1. People who design hotels – why in God’s name can’t you put the mother-loving plug sockets by the bed?
The fry-up at the B&B was beyond disgusting, but I kind of knew it would be because a) Craig recommended it and b) I never have luck with hotels. There’s always a pube, always a stain, and always a shag-a-thon or a troupe of horses doing dressage in the next room at 3 a.m.
Up at the Crack’s runner Jemimah Double-Barrelled met me at the back entrance of TV Central. She was wearing trainers with neon laces, which irked me beyond socially acceptable levels, and her hands appeared glued to the edges of an iPad. In the lift upstairs, she told me I was to be on air between a segment about a botched hysterectomy and a recipe for a three-cheese quiche.
‘So we’ll take you in to make-up and get you all sorted and do your hair and then you can have a quick meet with the presenters.’ Her fingertips went back to the mole cluster on her neck and picked at it like she was selecting the thickest Malteser.
‘Who, John and Carolyn?’ I said, sending a tiny bubble of hope into the universe that the Biggest Wanger in Town, Tony Tompkinson, was ill or on holiday or something, so I wouldn’t have to spend the whole interview staring down at the massive bulge in his trousers.
‘No, it’s Tony and Carolyn on today. John does it with Carolyn every other day and then it’s Melinda and Tristan on Fridays.’
Tristan was the black presenter they chucked in on a Friday with the gay weather girl to even things up a bit, diversity-wise. The weekend sister show Chatterday they gave to the blonde in the wheelchair.
The hair and make-up women went to town on my face, and by town I mean Slutsville. Whilst doing me, I overheard them bitching about Carolyn’s demands for a dressing room of her own, some boy-bander’s request for no-carb toast and Tony Tompkinson’s latest bust-up with his agent.

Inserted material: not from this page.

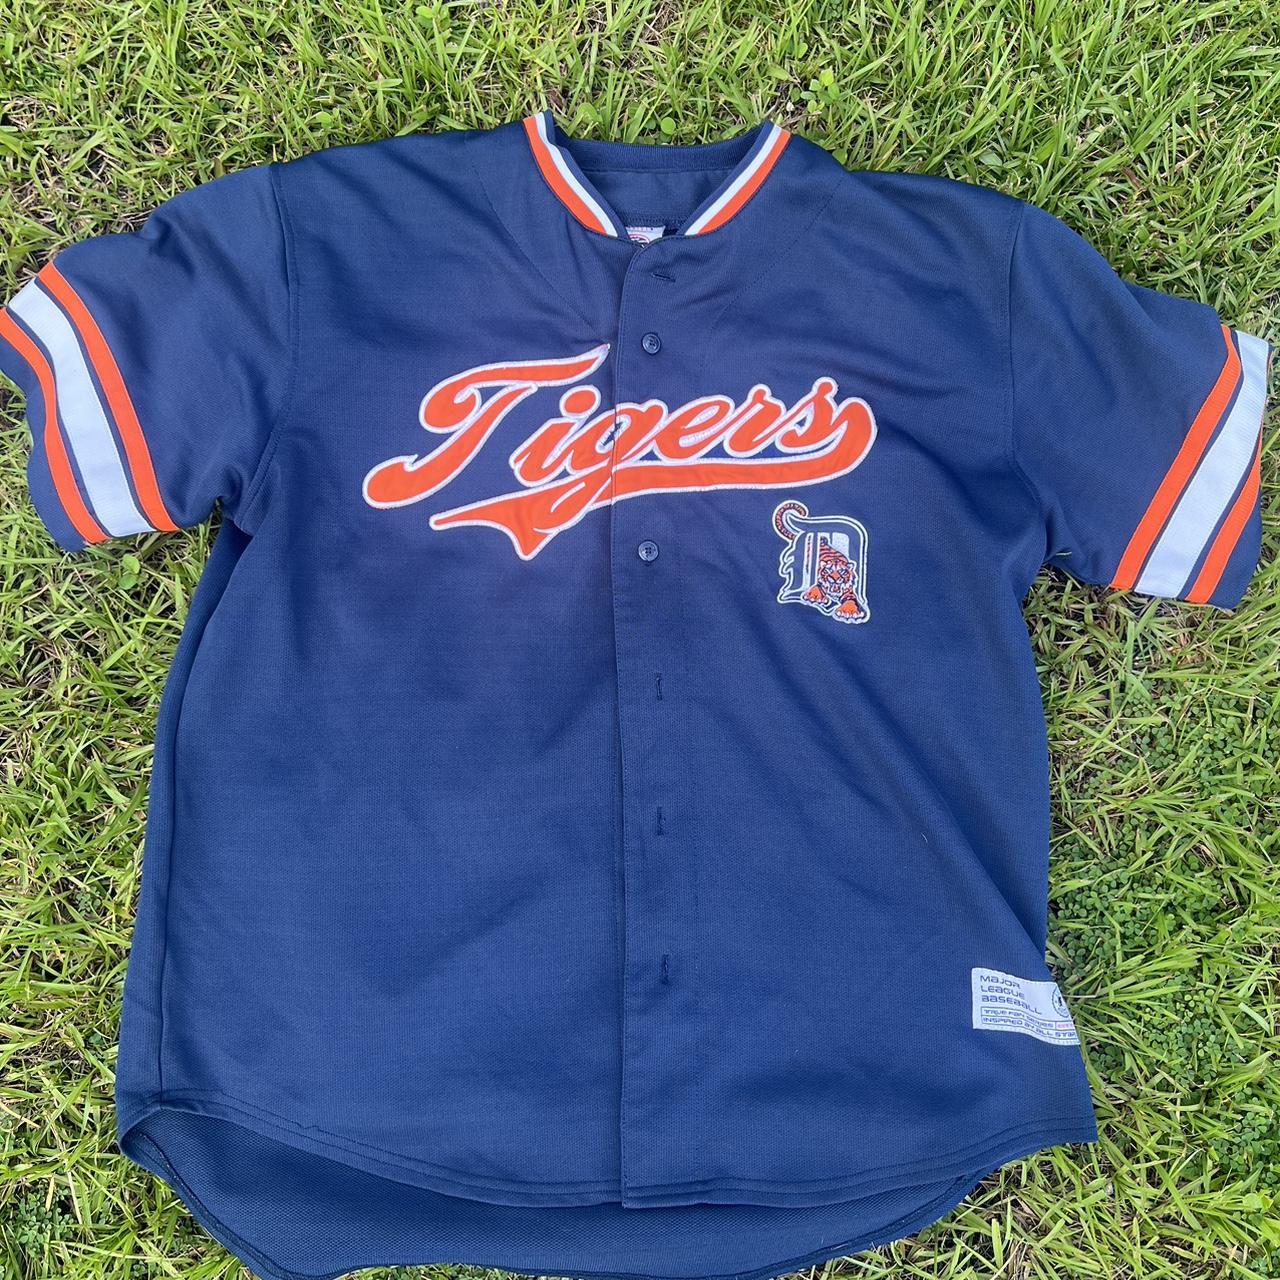 Vintage Detroit Tigers Official Jersey - Genuine - Depop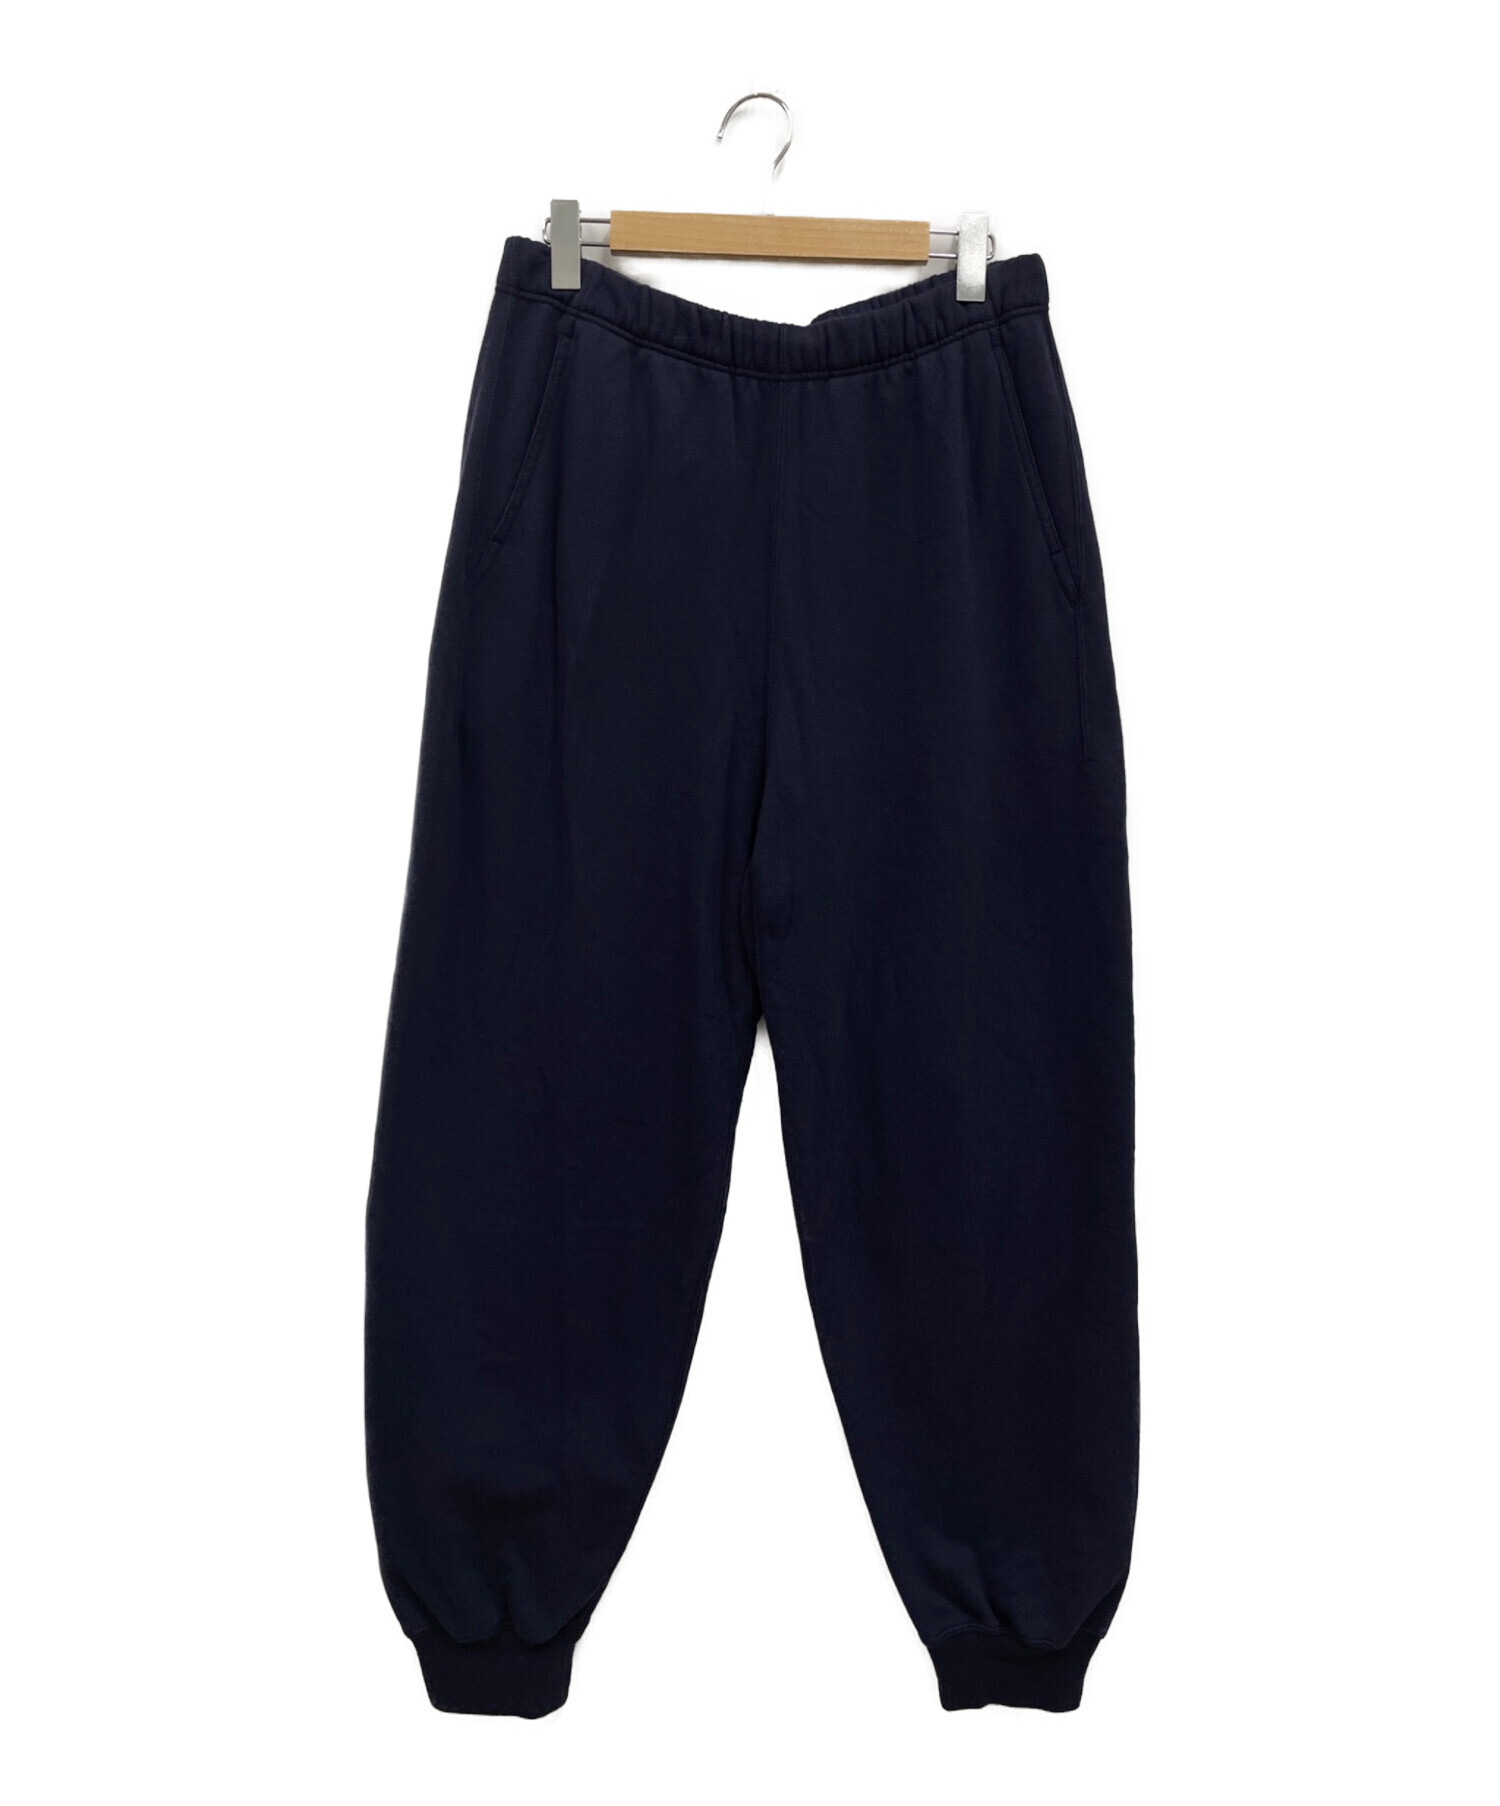 nanamica (ナナミカ) Sweat Pants スウェットパンツ SUCF176 ネイビー サイズ:36

Apparently, he was shagging her.
Apparently, Tony is shagging everyone.
Well, when you’ve got that much hot dog it’s silly to put it in just the one roll.
The woman in the make-up chair to my right was an actress in some crime thing. To my left was a bloke whose pug had just got through to the semi-finals of Pets Who Can Sing and Dance. I didn’t feel like conversating with either to be honest but I tried my best. Well, my head was nodding and my mouth was all ‘How interesting’ but really I was thinking about bleeding Julia out over the bathtub at Mum and Dad’s.
Then Tony and Carolyn swept in for a pre-show ‘touch up’ before they went live. It looked to me like they’d been touched up quite a bit already.
‘Tony, Carolyn, this is Rhiannon Lewis, today’s Woman of the Century shortlister.’ Jemimah had reappeared behind me, sans iPad, avec protein ball.
‘Well, no need to introduce you, Rhiannon, your reputation goes before you,’ Tony chuckled. ‘How you doing?’ Cue unauthorised body contact #1 – shoulder rub.
‘Yeah, I’m fine, thanks.’
‘It’s so lovely to meet you, Rhiannon,’ said Carolyn, smiling like a grand piano. Her face was caked in foundation but there were bumps all over it. ‘What do you prefer to be called?’
‘Rhiannon’s fine,’ I said. Rhiannon was what I always wanted to be called but most people insisted on saying Rhee to save time. Linus once called me Rheetard and I nearly yanked his head back and spat in his mouth.